An important question is whether these data signify decline foraging efficiency or changing environmental conditions. While shellfish exploitation was clearly a significant subsistence strategy during the MSA II, by far the dominant species were Turbo and Perna, both high-ranked mollusc that could be accessed relatively easily (Langejans et al., 2012). If over-exploitation was a factor then we would expect more lower-ranked shellfish dominating the molluscan assemblage. However, Perna is a relatively low-ranked species and only rises in rank because it was mass collected and mass processed (Langejans et al., 2012). The abundance of both Turbo and Perna over lower-ranked species may be because these species are more likely to be transported over greater distances than other shellfish (Dusseldorp and Langejans, 2013).

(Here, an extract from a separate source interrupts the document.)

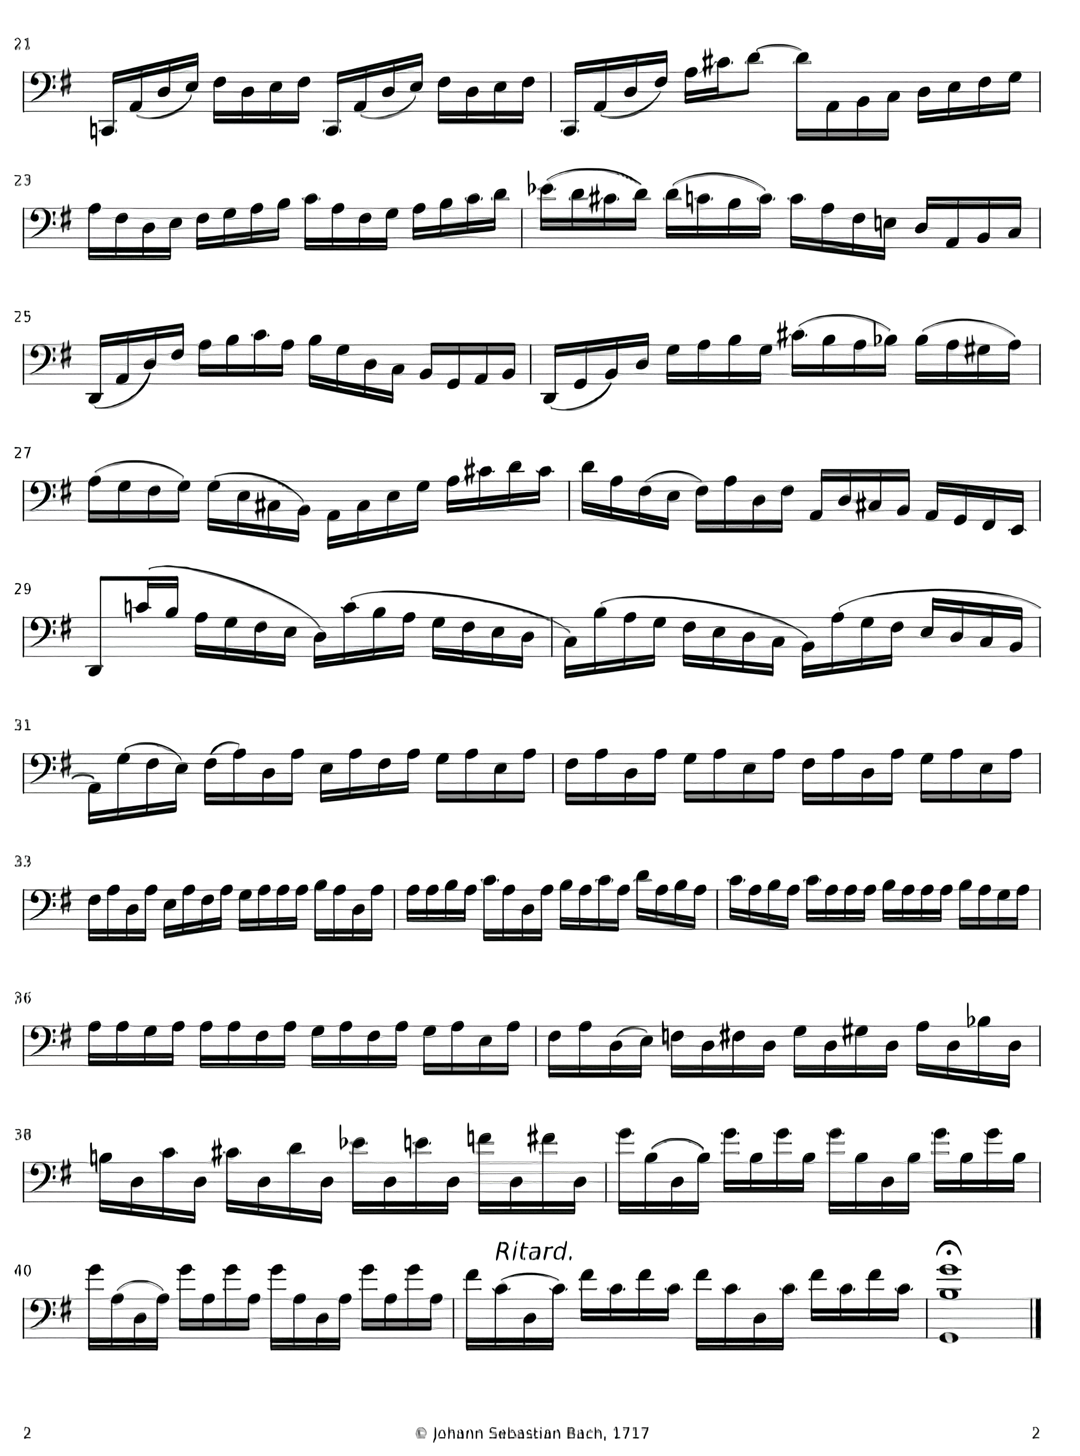 J.S. Bach "Suite for Violoncello Nr.1 ноты для бас гитары

Likewise, given its ubiquity in the region, we should see more evidence of the exploitation of small fauna such hyrax in the sample. However, any evidence of human processing on small fauna would be rare (Armstrong, 2016) since tools are not needed to process these taxa (Henshilwood, 1997). In any case, the sample from which hyrax were taphonomically analysed is significantly smaller than the larger D sample, so it is possible further analyses of larger samples could reveal more evidence of small fauna exploitation. Interestingly, while ungulate diversity is generally low, overall taxonomic diversity is quite high in the MSA II Lower with richness (NTAXA) and the richness index (NTAXA/logNISP) especially high (Reynard and Wurz, 2020). This suggests that as encounter rates with large herbivores decreased, the focus may have shifted to small game and non-ungulates. Dusseldorp and Langejans (2015) propose that small nocturnal animals began to be targeted in MIS 5 in the southern Cape, which, they argue, could be indicative of trapping and snaring at this time. Blue duiker (Philantomba monticola) are extraordinarily abundant in the c. 71 and c. 77 ka layers at Sibudu Cave—accounting for over 40% of the faunal assemblage in some layers—which suggests that remote capture may have been used in their procurement in the MIS 5 period there (Clark, 2019). This may explain the abundance of size 1 bovid processing in the MSA II Lower, with technology playing an important role in prey selection. Size 1 bovids are also generally associated with bushier habitats so the combined impact of environmental conditions and technology may have had a significant effect on prey selection.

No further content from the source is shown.